§ WHAT YOU SHOULD DO
Only the lines from the one containing "Муд куртка из" through the final line below belong in the output, copied exactly and without pictures.

··· DATA BLOCK ···

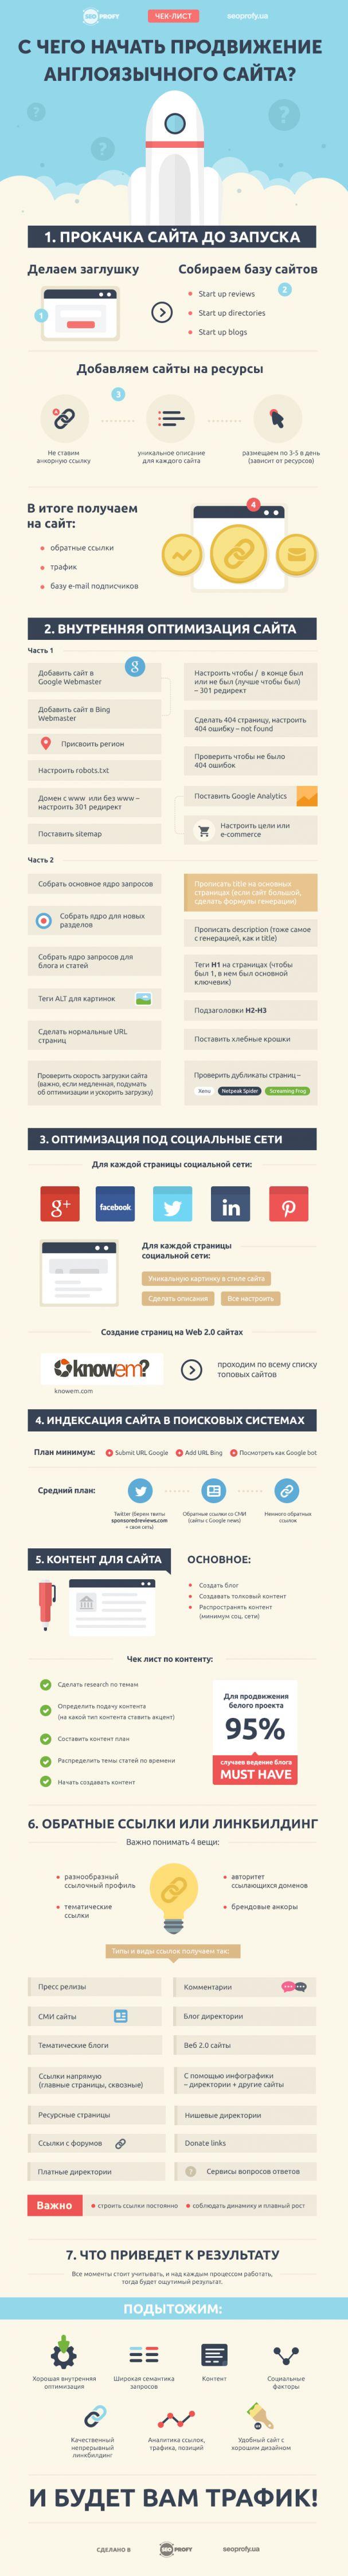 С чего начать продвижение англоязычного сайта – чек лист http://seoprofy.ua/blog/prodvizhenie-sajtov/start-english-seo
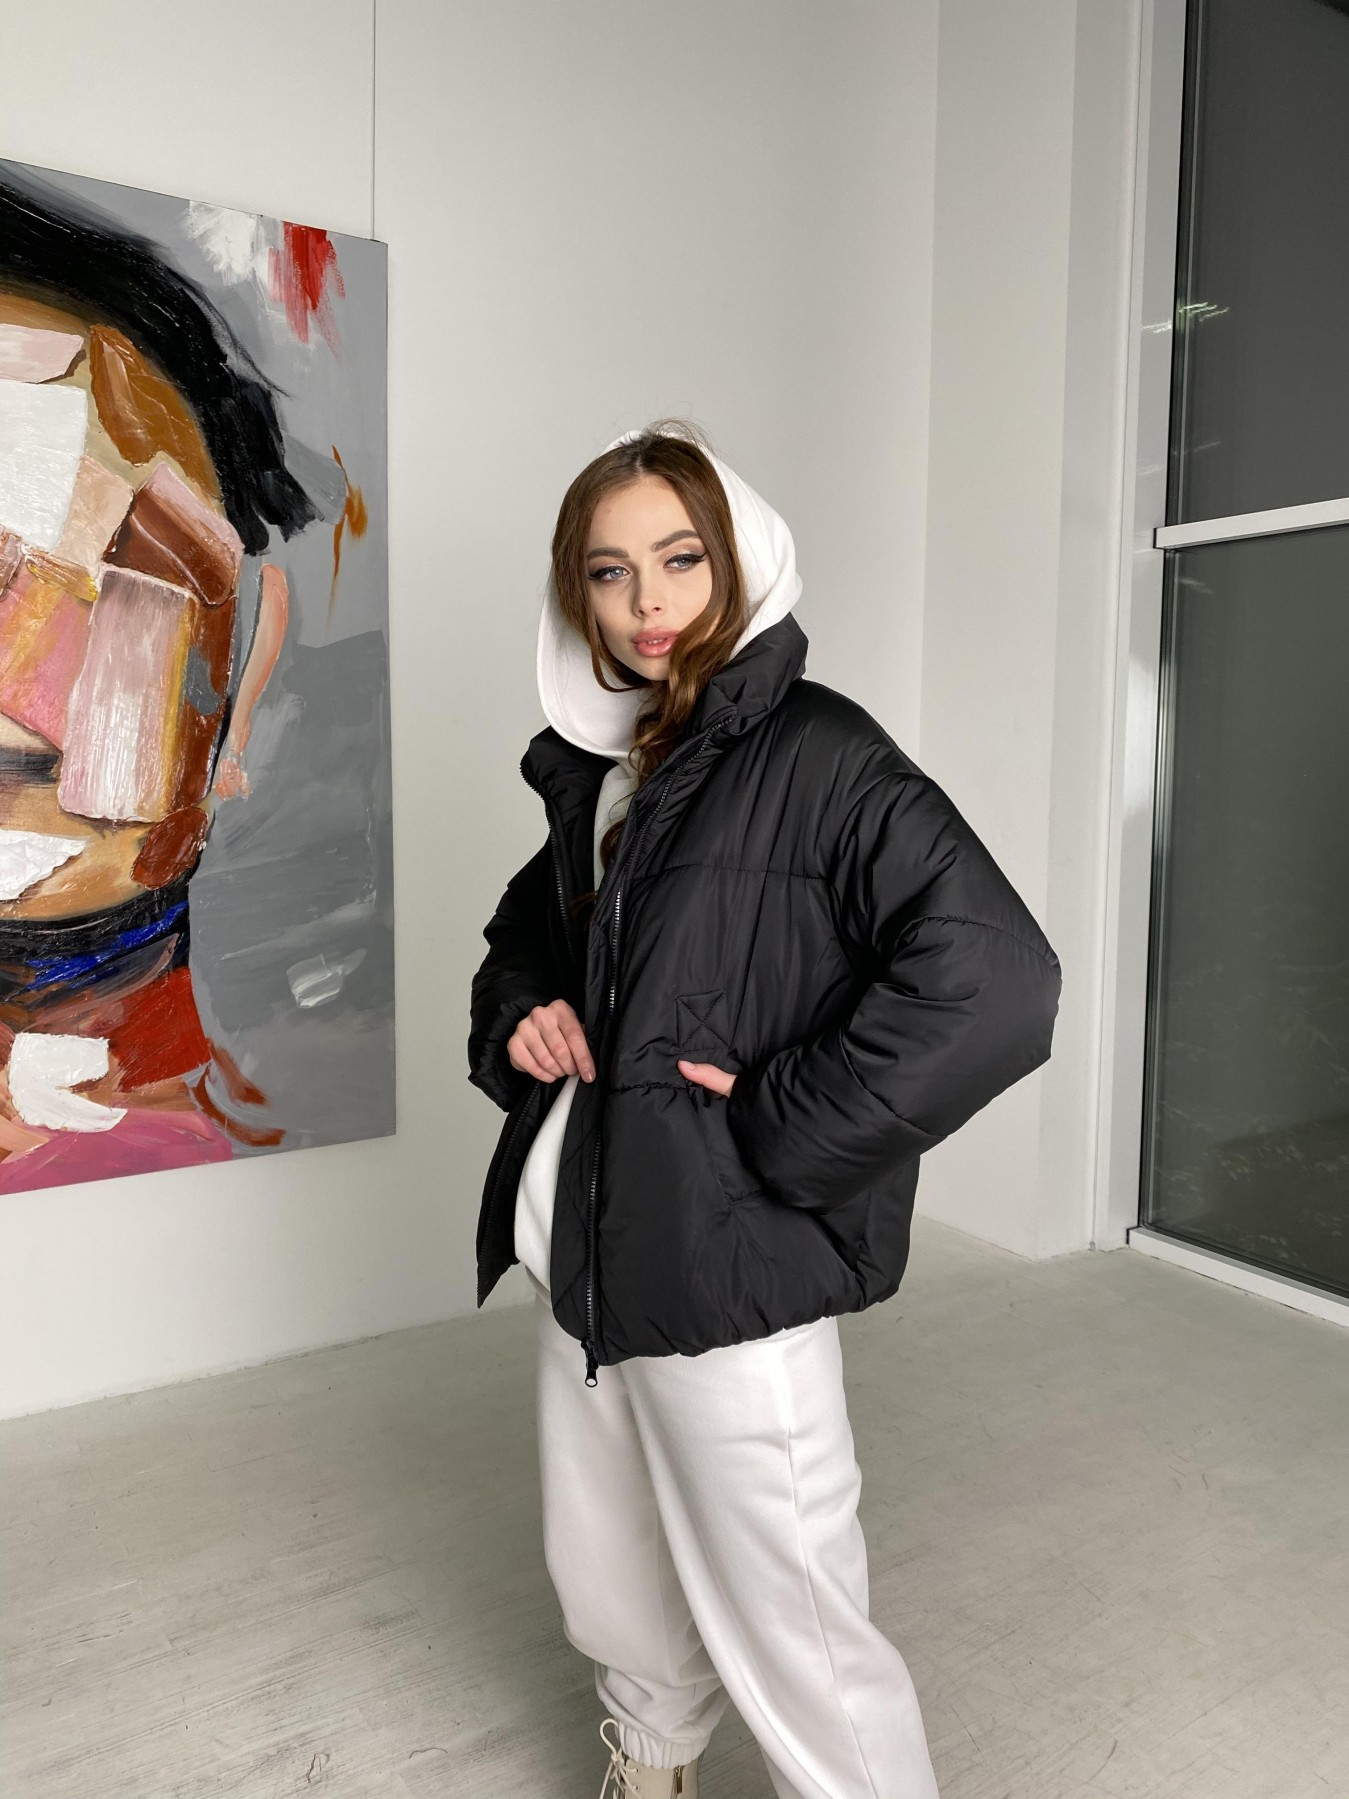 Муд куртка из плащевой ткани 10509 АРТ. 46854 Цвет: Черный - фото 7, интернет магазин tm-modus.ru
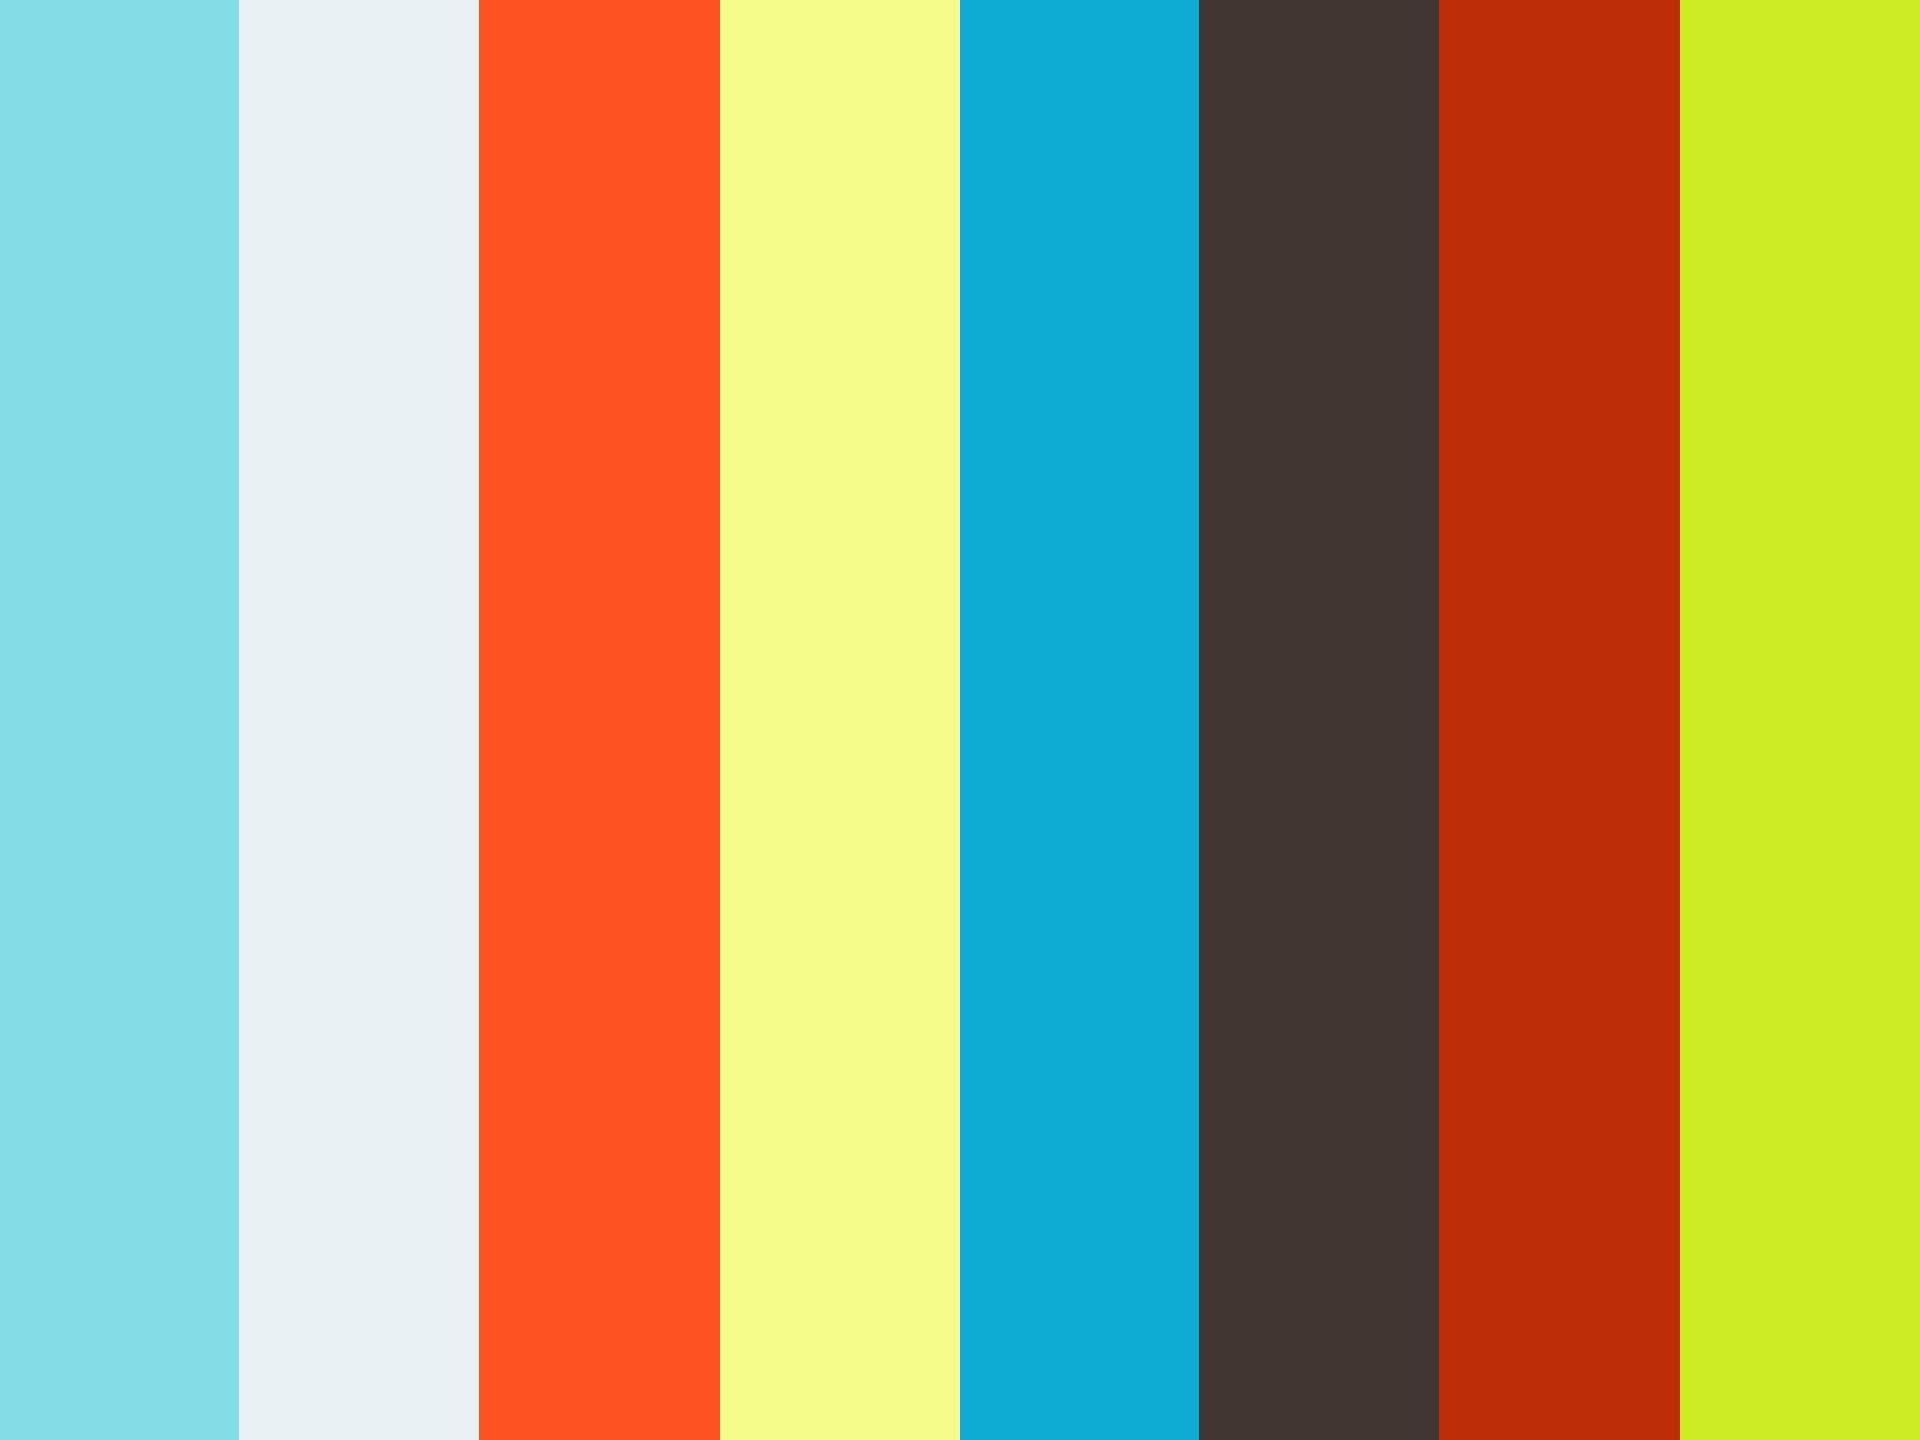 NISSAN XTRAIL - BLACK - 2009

···

§ EXERCISE ANSWER
 Муд куртка из плащевой ткани 10509 АРТ. 46854 Цвет: Черный - фото 7, интернет магазин tm-modus.ru
 NISSAN XTRAIL - BLACK - 2009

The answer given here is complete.